The predictive performance of foresummer drought sensitivity is higher with hydrological variables (e.g., ΔVWC) compared to the static explanatory variables (such as elevation, geology, and other parameters used in Wainwright et al., 2020). This is potentially a result of the non-linearity among soil moisture, snowmelt timing, and elevation. The model-derived soil moisture physically aggregates multiple parameters and effects, such as elevation, aspects, and hydrological gradient, into a single variable that is more effective in describing the water limitation on plant productivity. Although the obtained zonation map is quite similar to the one based only on the remote sensing data in Wainwright et al. (2022a,b), there are some differences. This zonation map based on both remote sensing and modeling results has more zones at higher elevations (Zones 1–3). This is attributed to the non-linearity, such that the snow-free timing is more heterogeneous than other variables influenced by radiation at similar elevations. This also suggests that, while currently the elevation and elevation-based life zones (such as montane, subalpine, and alpine) are often used to represent the distinct ecosystem zones, model-based metrics can be used to further refine these distinct zones.

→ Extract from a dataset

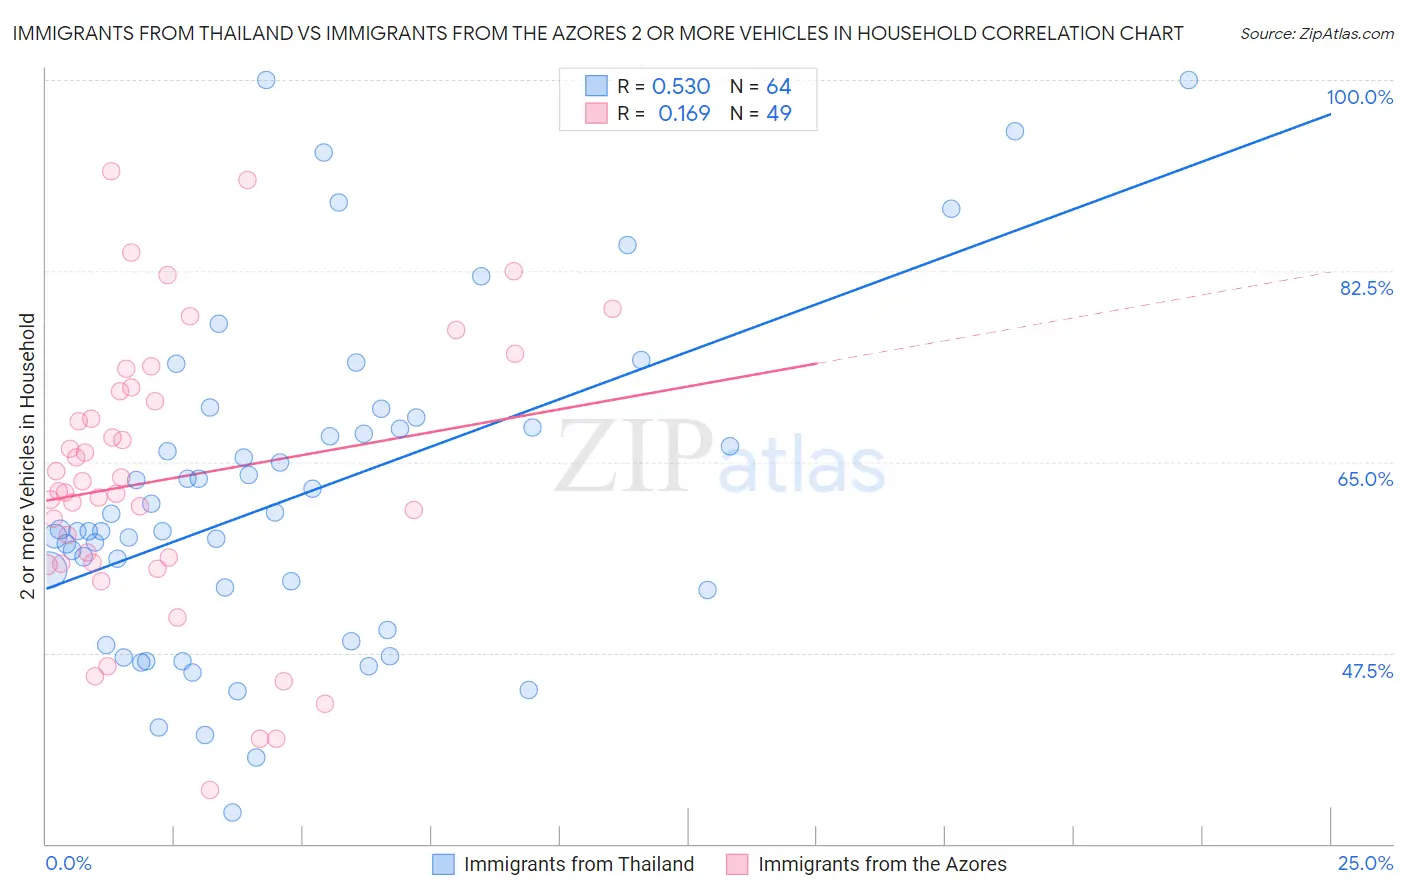 Immigrants from Thailand vs Immigrants from the Azores 2 or more Vehicles in Household

Additionally, the combination of satellite observation data and modeling results may provide alternative hypotheses for snow-soil–plant interactions. The snow-soil–plant interactions under climate change have been extensively studied in the recent decade (e.g., Schmidt and Lipson, 2004; Brooks et al., 2011; Sanders-DeMott et al., 2018). Different mechanisms and processes are considered, such as increased soil warming (Melillo et al., 2011), microbial or biogeochemical impacts (Schmidt and Lipson, 2004; Brooks et al., 2011), and the decrease in snowpack reducing insulation and increasing freezing-induced root damage (Sanders-DeMott et al., 2018). In our study domain, as mentioned above, plant productivity is considered to be limited by water availability, such that early snowmelt leads to early soil drying and creates drought conditions before the summer monsoon (Sloat et al., 2015; Dafflon et al., 2023). Although this study confirms this hypothesis, it also suggests a non-linear interaction across space and time and the presence of threshold values.
In our results, soil moisture is correlated with snow-free timing, but the relationship is non-linear. In the high-elevation north-facing region, as well as in the big snow year, the soil moisture does not depend on snow-free timing because soil moisture becomes saturated due to the deep snowpack, limited soil storage, and the lateral transfer of water from high alpine regions to upper subalpine zones (Carroll et al., 2019). In dry years and low-elevation regions, the correlation is more significant, suggesting these conditions and/or locations are soil moisture-limited. Based on these results, we may hypothesize that these regions, which are currently resilient to year-to-year climate variability, may become more sensitive to the variability in the future as the temperature increases and snow depth decreases at higher elevations. Since such non-linearity is difficult to detect through sparse measurements, spatially continuous modeling results are likely the most effective way to identify non-linearity and threshold processes.
We would note that, in this study, we did not consider the antecedent conditions from the previous year. We assumed that it could be limited in this system because, due to snow and thin soils in the montane-alpine region, the soil becomes fully saturated after snowmelt every year. Such a soil storage limitation has been reported in other regions (Hahm et al., 2019), and its impact on plant dynamics would be interesting to investigate in subsequent studies.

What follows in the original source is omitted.